As Middle East peace talks descended into crisis mode today, Secretary of State John Kerry sought to make clear that they are still ongoing — at least for now.
“It is completely premature tonight to draw any kind of judgment, any kind of final judgment, about today’s events and where things are,” he told reporters at the NATO summit in Brussels, Belgium.
But he also warned that extending the negotiations will not happen if the Israelis and Palestinians don’t exhibit their desire to keep them going.
“Facilitation is only as good as the willingness of leaders to make actions to put in front of them,” he said.

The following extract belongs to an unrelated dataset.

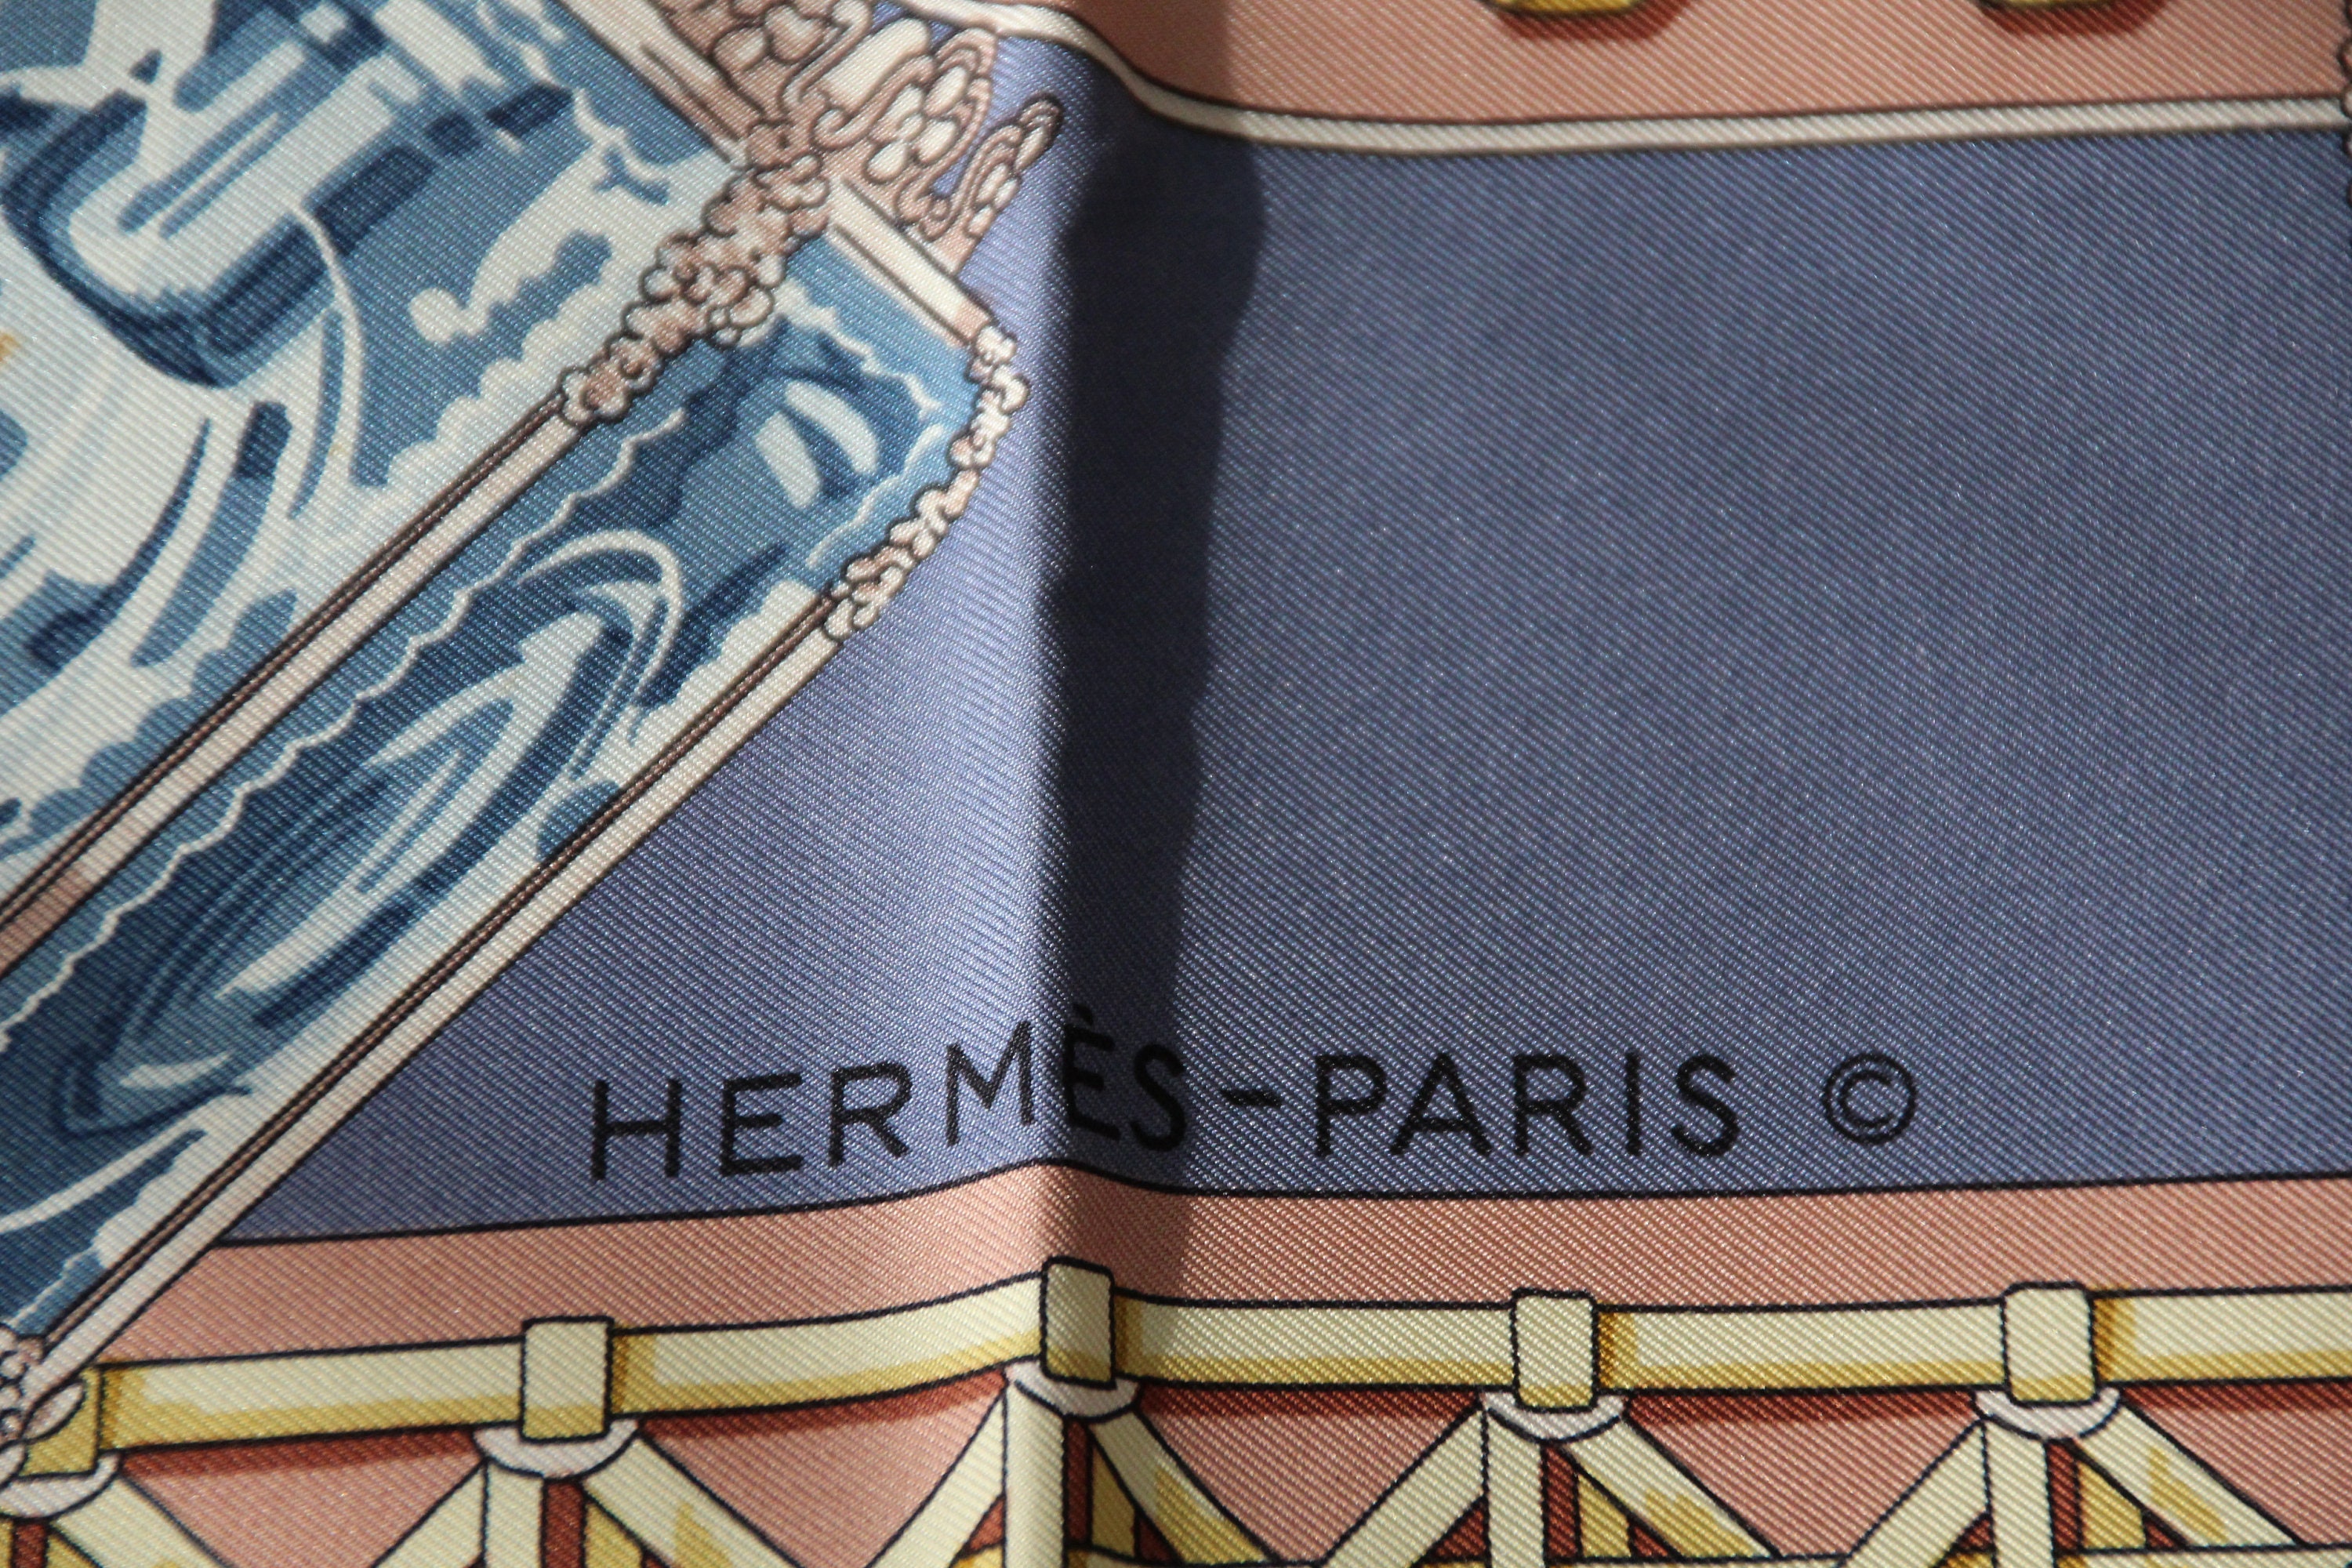 Hermes Silk Scarf Hermes Scarf Authentic Hermes Scarf Purple - Etsy

Even as Kerry cancelled his own trip back to the Middle East, which was supposed to happen Wednesday, he said he was continuing to talk with his negotiating partners on the ground there.
But he urged both the Israelis and Palestinians, who have made moves that drew ire from both sides over the past few days, to show restraint.
Kerry also responded to Palestinian President Mahmoud Abbas’s defiant announcement Tuesday that he was applying to join at least fifteen international organizations — an effort to align the Palestinians with the international community that Israel is wary of.
Seeking to find the silver lining in that move, Kerry underscored that none of the organizations Abbas is now seeking to join are affiliated with the United Nations, which Israel has said would blow up the talks.
Kerry also emphasized how much political capital the Obama administration has expended on these talks, noting that President Barack Obama “has committed his personal time… he has committed my time.”
But, he said, the United States is willing to continue negotiations as long as the Israelis and Palestinians are.
“We’re going to continue to do our work. We’re going to continue because this matters,” he said.